Data can be stored in many different formats, such as SQL tables, NO-SQL tables, data frames, and so on.
These different formats make difficult to analyze the data directly, since simple tasks, such as calculating the mean aggregating the data according to
an specific attribute, will require a different set of commands for each data format in order to be performed.
In order to avoid having to deal with each possible variation, most data analysis starts by turning the dataset into
data frame format.

The choice of the data frame as the centralizing data structure is understandable, since most of analysis
consists of data that can be thought of as single observations (rows) comprised of many features (columns).
Yet, there are many common scenarios where such data structure is not the most natural one.

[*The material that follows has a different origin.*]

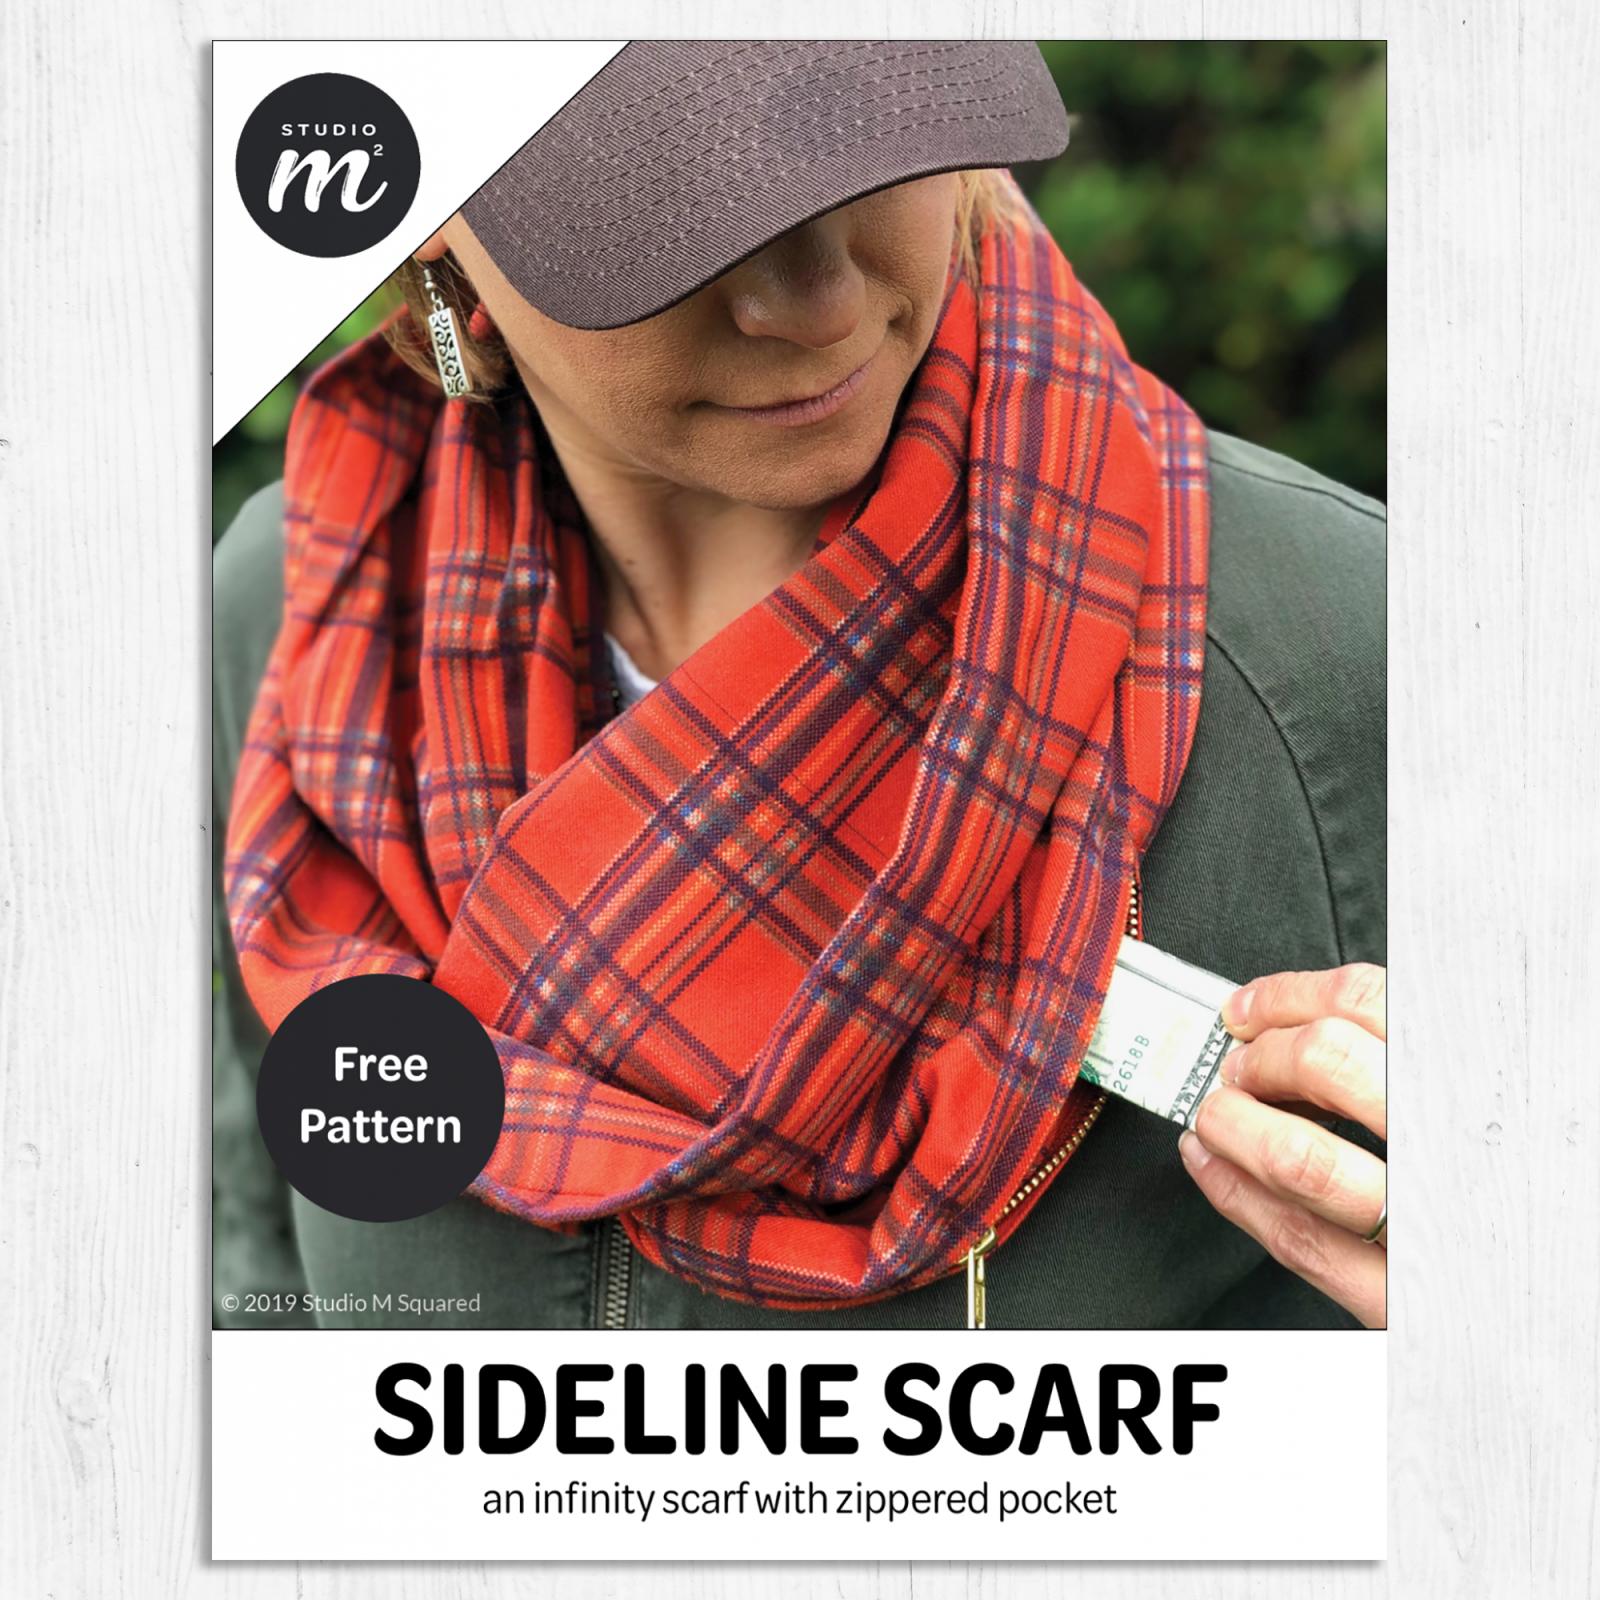 Studio M Squared - Sideline Scarf - FREE pattern

Perhaps the most
clear example are graphs. Here, the main aspect of the data is not it's "atomic" nature, but it's relational
information ("which nodes are connected").

The use o relational databases (SQL) can deal with such divide, but are usually too stiff, since they usually
are part of a monolithic system with it's own langugae, which is not always straightfoward to integrate
with general purpose programming languages such as Julia.

ACSets were the solution proposed by Evan Patterson, Owen Lynch, and James Fairbanks.
It consists of an efficient in-memory implementation of categorical databases, which encompasses data structures
such as data frames, graphs and more. Thus, solving the combinatorial vs atomic data representation problem.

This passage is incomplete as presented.